Let’s start with example one. Do not refer customers to your website if they are already talking to you. If a customer has actually bothered to call you and seems interested in your product, rejoice and make the most of the opportunity. You have got her talking to you. You can now promote your offerings enthusiastically and convincingly and seal the deal. To send her back to a passive medium, the website, is just plain dumb.
Let’s move on to example two. Why on earth would you start the conversation by spelling out your prices and the additional charges and surcharges in detail? Why do you assume that’s all the customer wants to know? She’s there talking to you. Explain why your hotel offers a world-class experience, why it would be the holiday of a lifetime, why she would do her family proud. Like, you know, sell. The price comes at the end of the conversation, once the value is already clear.
The two examples have a lesson in selling right there in plain sight. The first person in your organization that a prospective customer encounters is extremely important. You want enthusiasm, you want energy, you want product knowledge. You want a person with zip in the personality and grey matter in the skull. A lot of selling can happen right there on the phone call.
Sadly, too many employers do this the wrong way round. Because this is just a ‘phone operator’ job in their view, they give it to an entry-level, low-paid, bored individual. The result is the kind of conversations I recounted above. Uninterested, untrained persons doing a terrible job of flying the flag and building the brand.

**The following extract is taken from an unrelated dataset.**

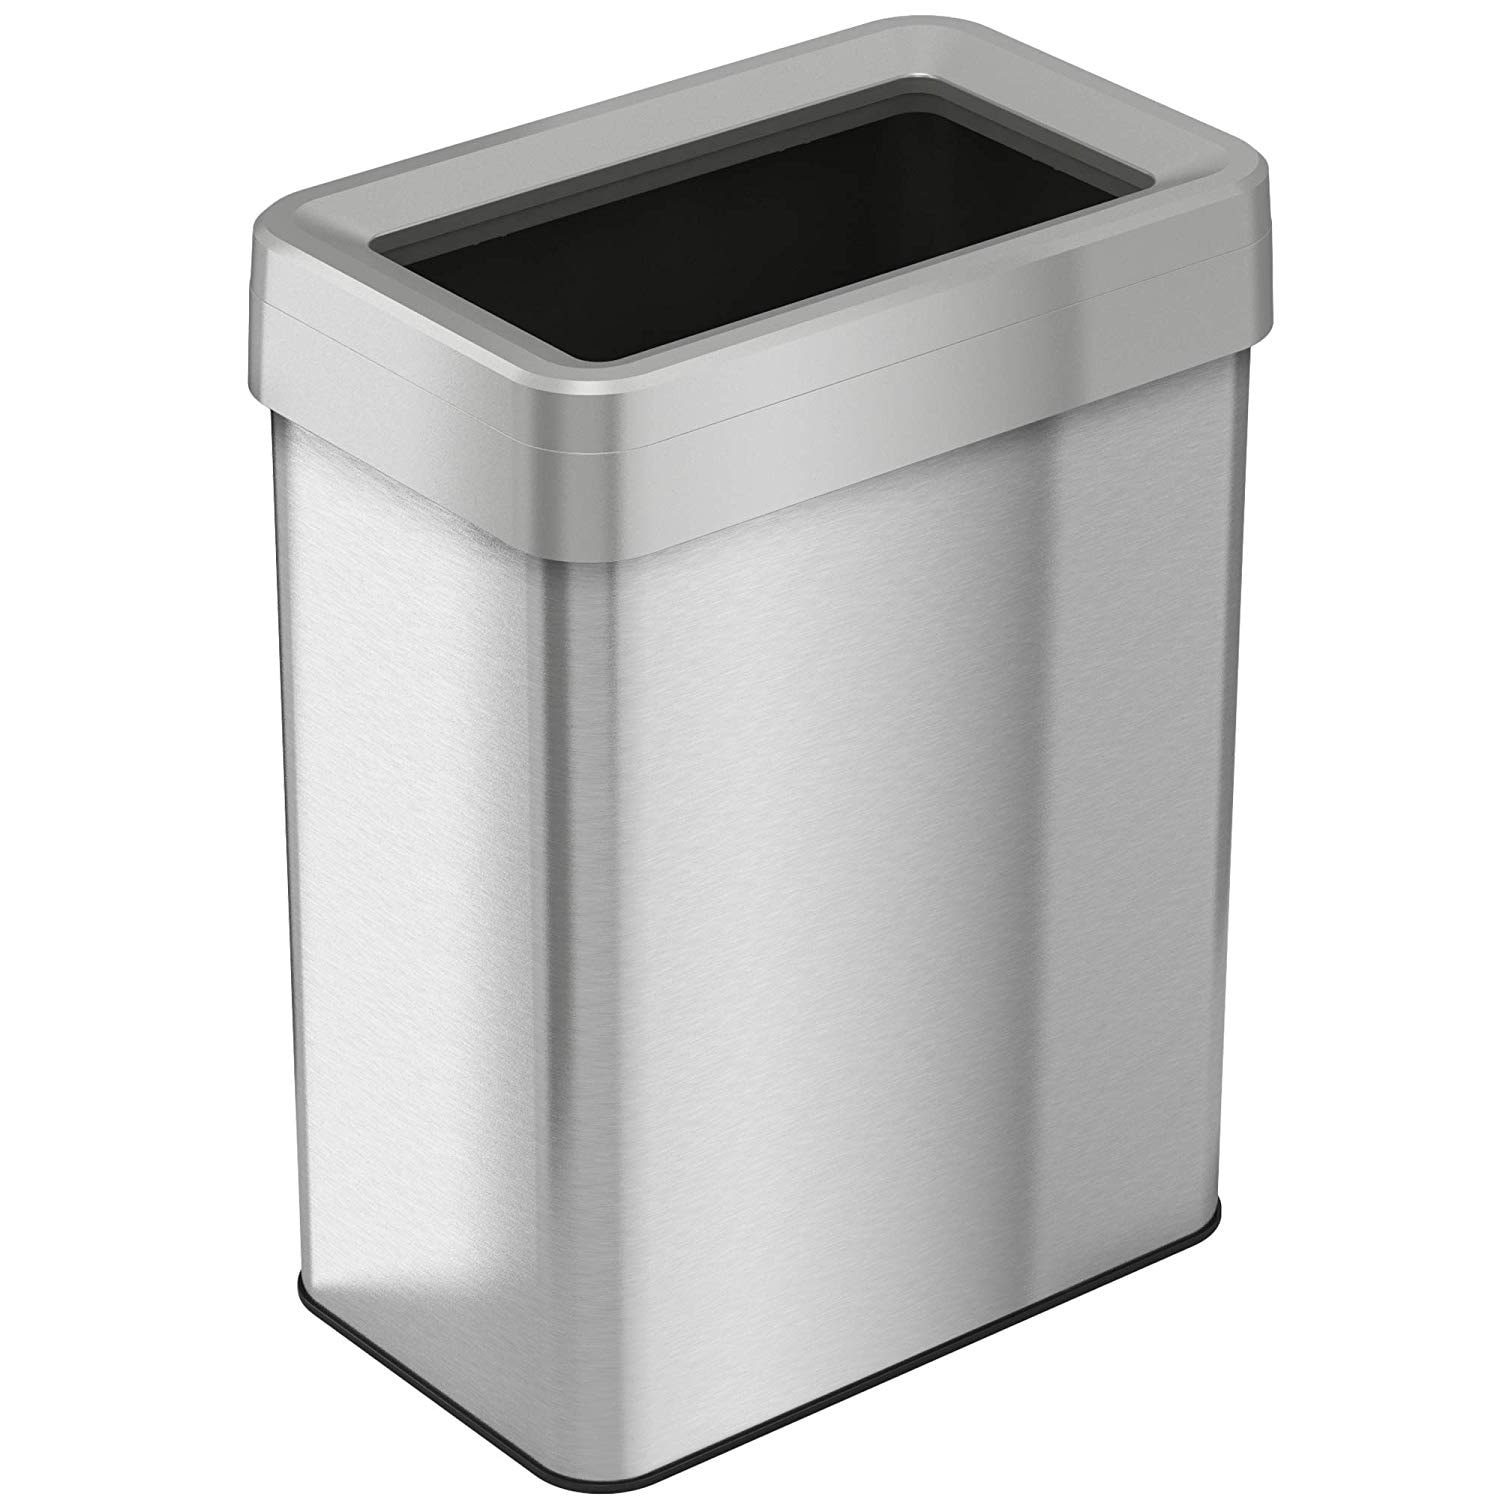 50 litre plastic dustbin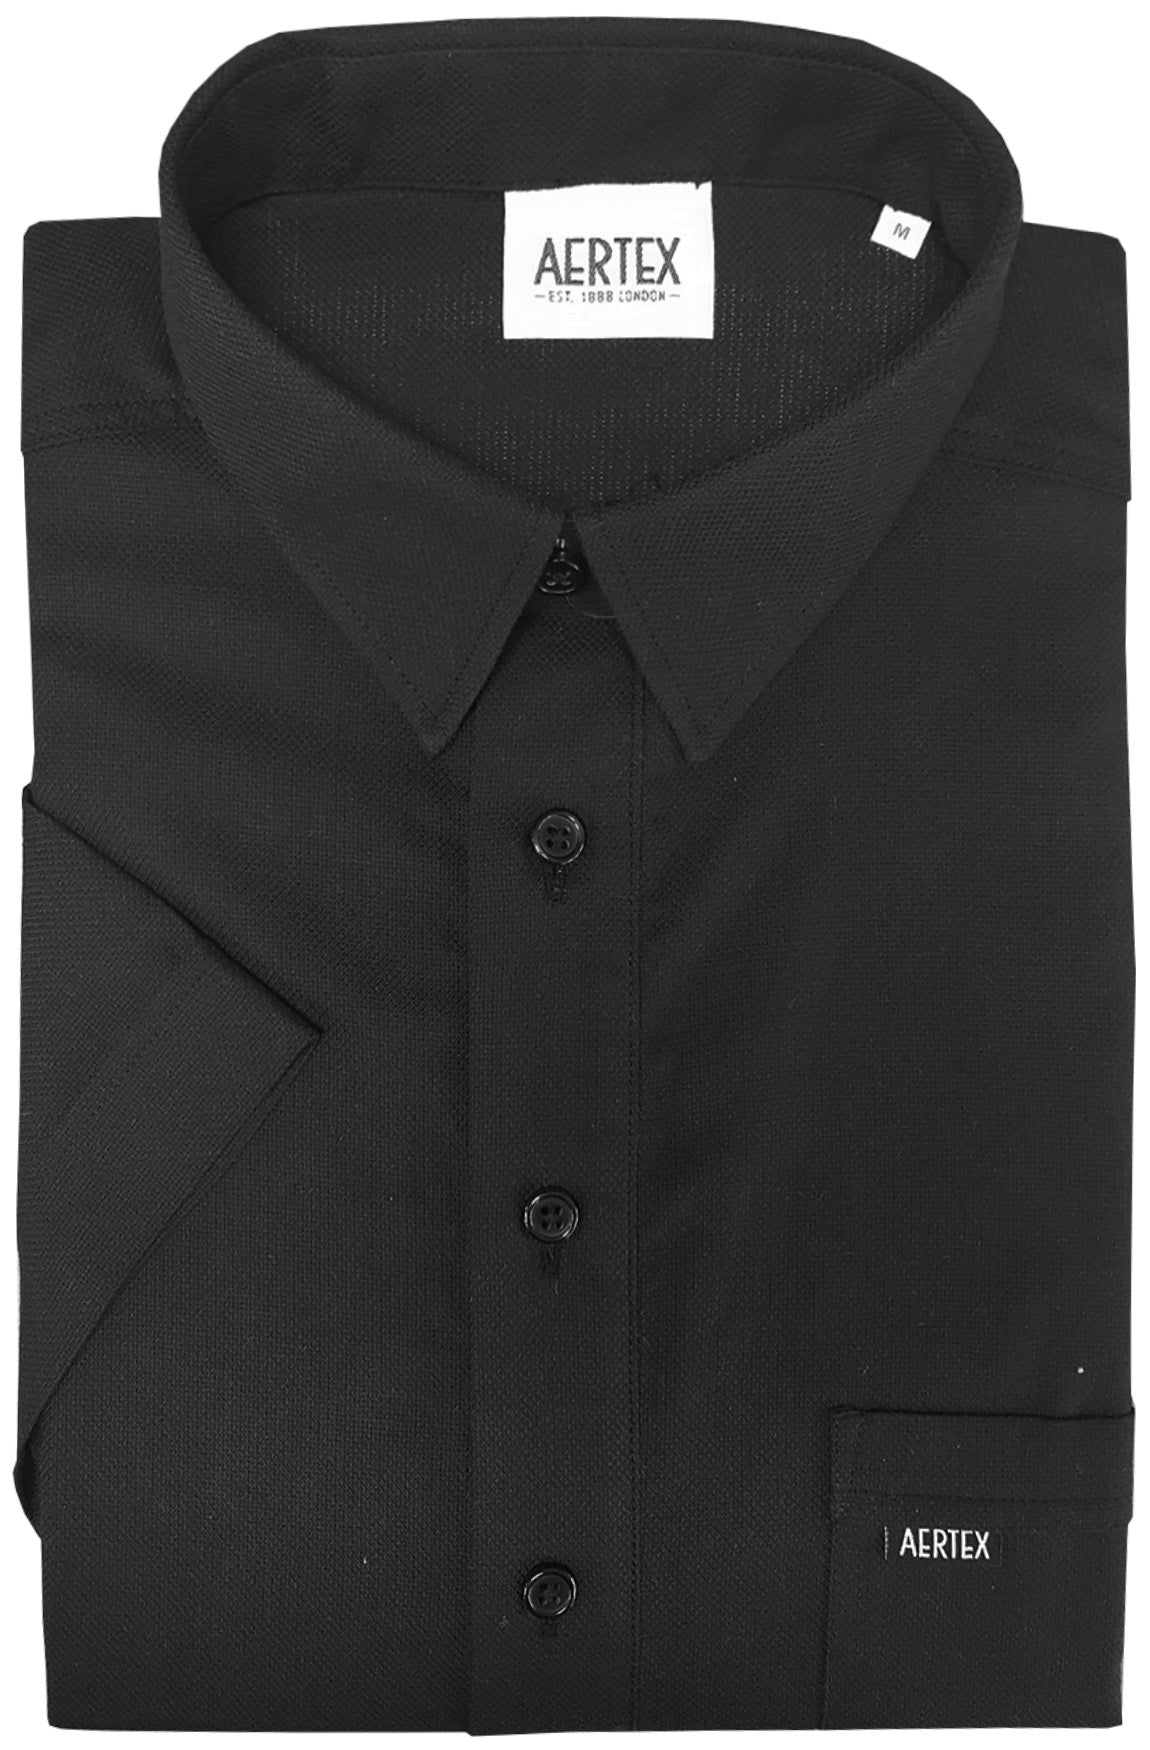 AERTEX SHIRTS – Thomson's Suits Ltd

Whether it’s the first person on the phone; the first person met when the customer walks into your premises; the first impact that your website makes on those landing on it; the first email sent out in response to a query: first impressions really count. And in too many cases, the first impression is woeful.
Is it the employees’ fault? Not at all. I’ve written it here many times before; I’ll say it again. Persistent failures in customer care start at the top. That means you, CEOs. Don’t blame it on your staff – tell that to the birds sitting on the delusion tree. If you can’t see the importance of frontline employees; if you won’t invest in their training and their reward structures; if you can’t teach the art of selling; if you preside over insipid and clunky websites; if you are blissfully unaware of the number of sales you lose every day because of systematic indifference; then who else is to be held to account?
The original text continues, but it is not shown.